Trees

Indexes in Noblit are hitchhiker trees. The trees have the same on-disk format as memory format, which allows them to be memory mapped. A hitchhiker tree is similar to an immutable B-tree, but updates usually only allocate a single new node, rather than logB(n) nodes. This gives us the advantages of an immutable data structure, without the write amplification.

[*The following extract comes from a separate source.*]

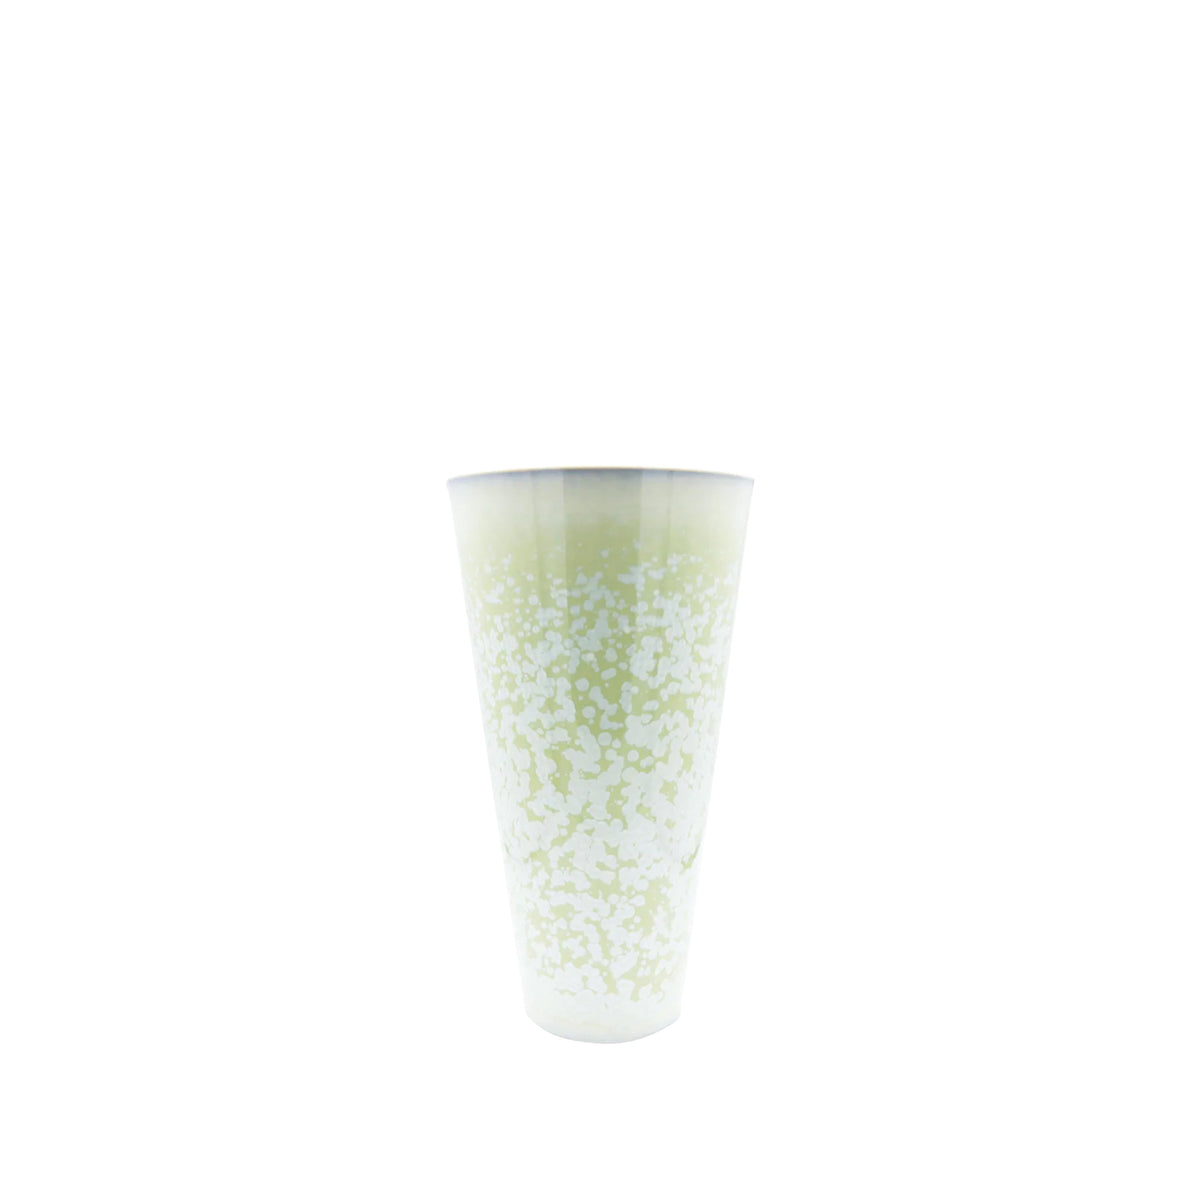 SONG Almond - Straight vase, small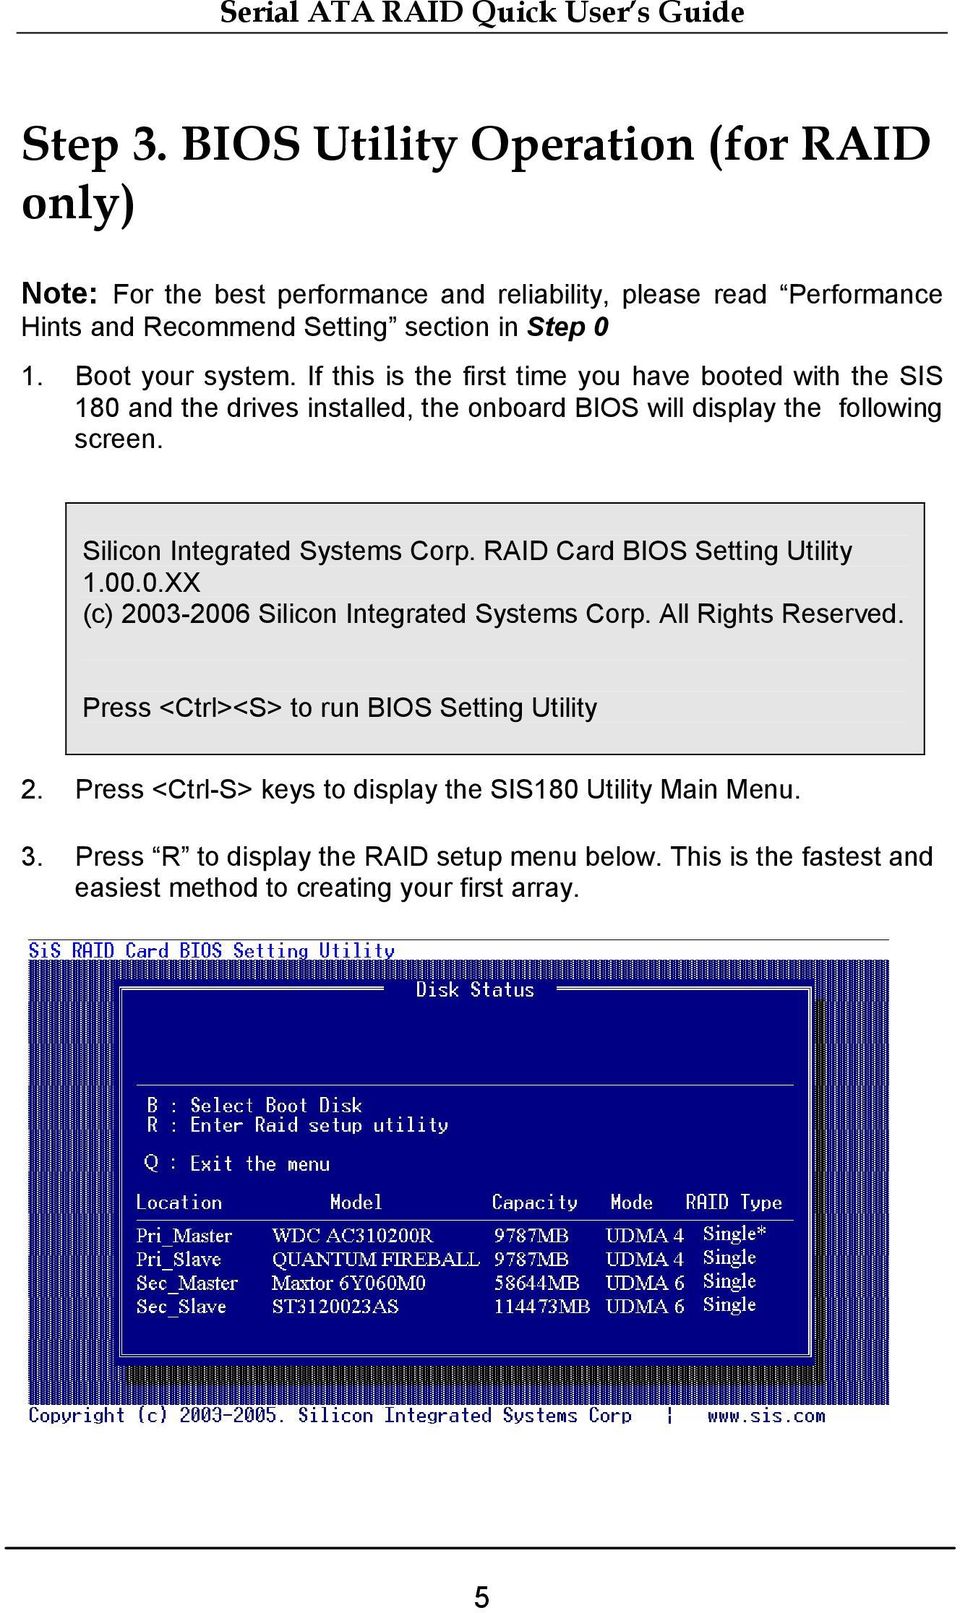 Silicon Integrated Systems Corp. RAID Card BIOS Setting Utility 1.00.0.XX (c) 2003-2006 Silicon Integrated Systems Corp. All Rights Reserved.

Tree nodes in Noblit are immutable. Index updates produce new nodes that succeed older nodes. Nodes can become unreachable, but they are never removed. Eventually, many nodes in a file may not be reachable. In that case the tree can be copied to a new file, omitting the unreachable nodes. This is a copying garbage collection.

Index Trees

Indexes in Noblit are sorted sets of datoms. Each datom is 32 bytes. (For large values, the datom contains a reference to a value on the heap.) The indexes store the datoms themselves: they are sorted sets, not key-values maps. In other words, indexes are covering indexes.

Trees in Noblit store every datom exactly once. Datoms in leaves are not repeated in interior nodes, unlike a B+ tree, which would store all datoms in leaf nodes, and repeat some datoms as midpoints in interior nodes.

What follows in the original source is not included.